To identify co‐expressed genes in each of the 14 domains (Figure 3B), we used the 365 genes with 553 distinctly patterned TIs. We extracted their expression patterns with TImrf and identified all TIs where the extracted pattern covered at least 90% of the triangles for each domain (Supplementary Table II). Consensus TIs and corresponding defined domains are shown in Supplementary Figure 10B. Examination revealed that each domain is the result of combinatorial gene expression and no single gene defines a domain (Supplementary Figure 10C).
To investigate pattern diversity within each of the 39 clusters (Figure 4A), we calculated the standard deviation for each of the triangles and created a composite of the consensus pattern and the normalized standard deviation (Supplementary Figure 11). Most of the significant variations appear at the boundaries of the consensus. Cluster #14 reveals a variability of the pattern at the most dorsal extension of the ventral band (Figure 5A). Similarly, Cluster #36 shows the most variability in the posterior boundary of the expression consensus. This analysis revealed potentially important variations in the consensus patterns themselves. The graph for Cluster #14 (Figure 5A) reveals interruptions in the consensus pattern, further substantiating the results of a non‐uniform ventral area of the early embryo suggested in our analysis of co‐expressed regions in the embryo (Figure 3F).

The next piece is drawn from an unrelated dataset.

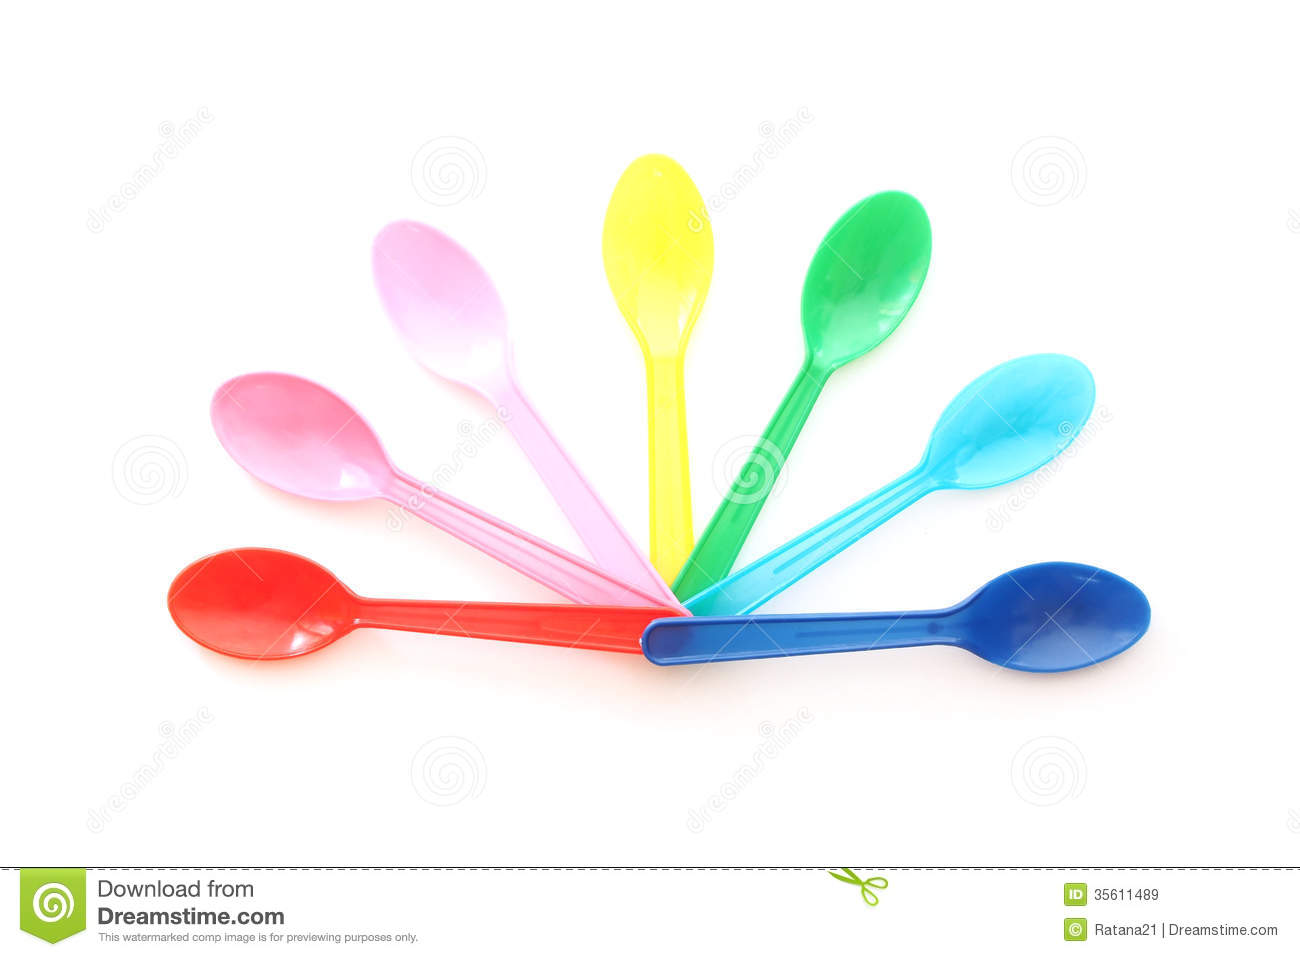 Multicolor Plastic Spoons Royalty Free Stock Images   Image  35611489

Using extracted expression patterns and simple arithmetic subtraction, we identified genes with complementary expression patterns. In Cluster #14, we identified genes whose ventral expression pattern showed discontinuities (Figure 5B). One of the genes with an interrupted pattern was tinman (tin). Using TImrf, we extracted the pattern of tin and the pattern of the cluster consensus. We then subtracted the tin pattern from the consensus, selecting the largest continuous area with all triangles connected by two corners. This identified a small expression domain present in the consensus and absent in tin. We used this small pattern in a systematic search for genes with expression in this domain using TIbin2 and identified six almost perfectly complementary patterns as high scoring hits (Figure 5C). The second highest scoring pattern was the transcription factor zfh1, which previously was shown to interact with tin in the specification of lateral mesodermal derivatives including the gonadal mesoderm (Broihier et al, 1998; Su et al, 1999). In addition, we identified two previously uncharacterized genes, CG33099 and CG12420, which now can be tested for functional interaction with tin.

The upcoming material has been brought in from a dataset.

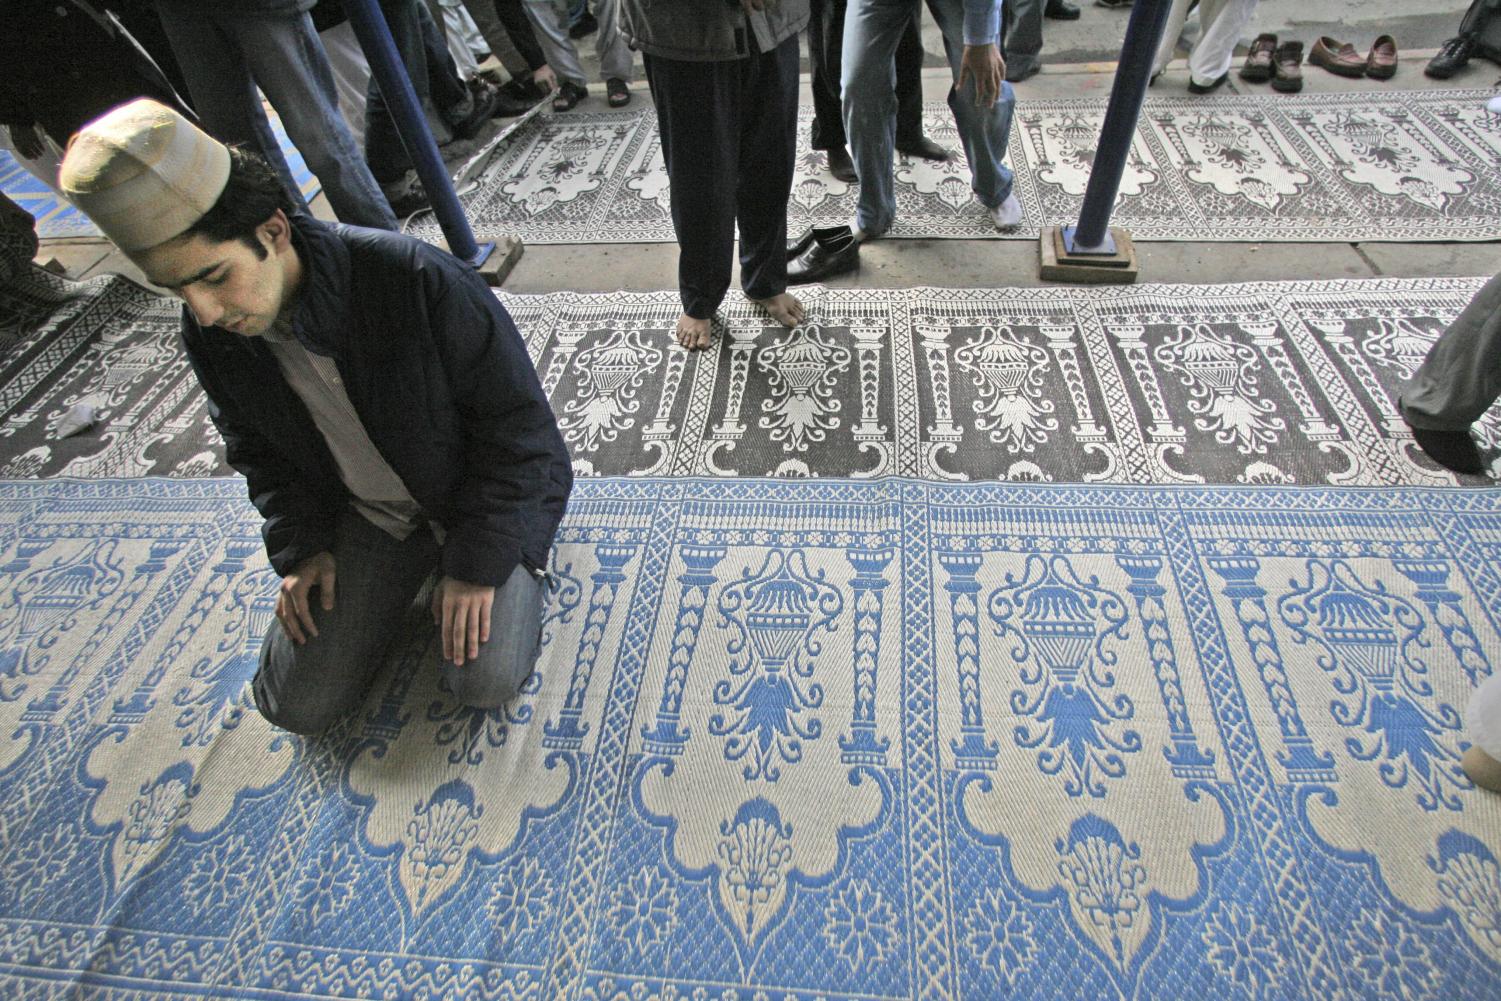 A man prays outside the Makki mosque during a prayer service for assassinated former Prime Minister Benazir Bhutto Friday, Dec. 28, 2007, in the Brooklyn borough of New York. Bhutto was assassinated Thursday in Rawalpindi, Pakistan, by an attacker who shot her after a campaign rally and then blew himself up. (AP Photo)

In practice, extracting the exact extent of the pattern boundary was not always possible with the MRF algorithm. Moreover, during blastoderm development, patterns of related genes can completely overlap, can share a boundary with anti‐correlation, or overlap but share only a partial boundary (Lawrence and Struhl, 1996). By clustering genes with overall similar patterns, we systematically identified the cases of completely overlapping genes. To find other anti‐correlated genes and those that have partial overlapping expression patterns, we developed a modified version of the above MRF program, TImrf2 that uses two TIs. As before, the energy scores for labels were optimized for one TI, and, for the triangles with an edge labeling, the triangles of the second TI included in the computations. The edge triangles of the second TI were assumed to be either, positively or negatively, correlated. The final output was the minimal energy score for the two candidate TIs. A good match of the boundaries of two TIs resulted in a low score, whereas a poor match or no match raised the score. By sorting descending scores for all embryos, we identified the top positively or negatively correlated patterns with matching boundaries (Supplementary Figure 12). We then applied this algorithm to sna and targeted specifically anterior to posterior oriented expression patterns. One of the top hits was the gene huckebein (hkb), which previously was shown to repress the expression of sna at the anterior and posterior poles of the embryo (Reuter and Leptin, 1994) (Figure 6).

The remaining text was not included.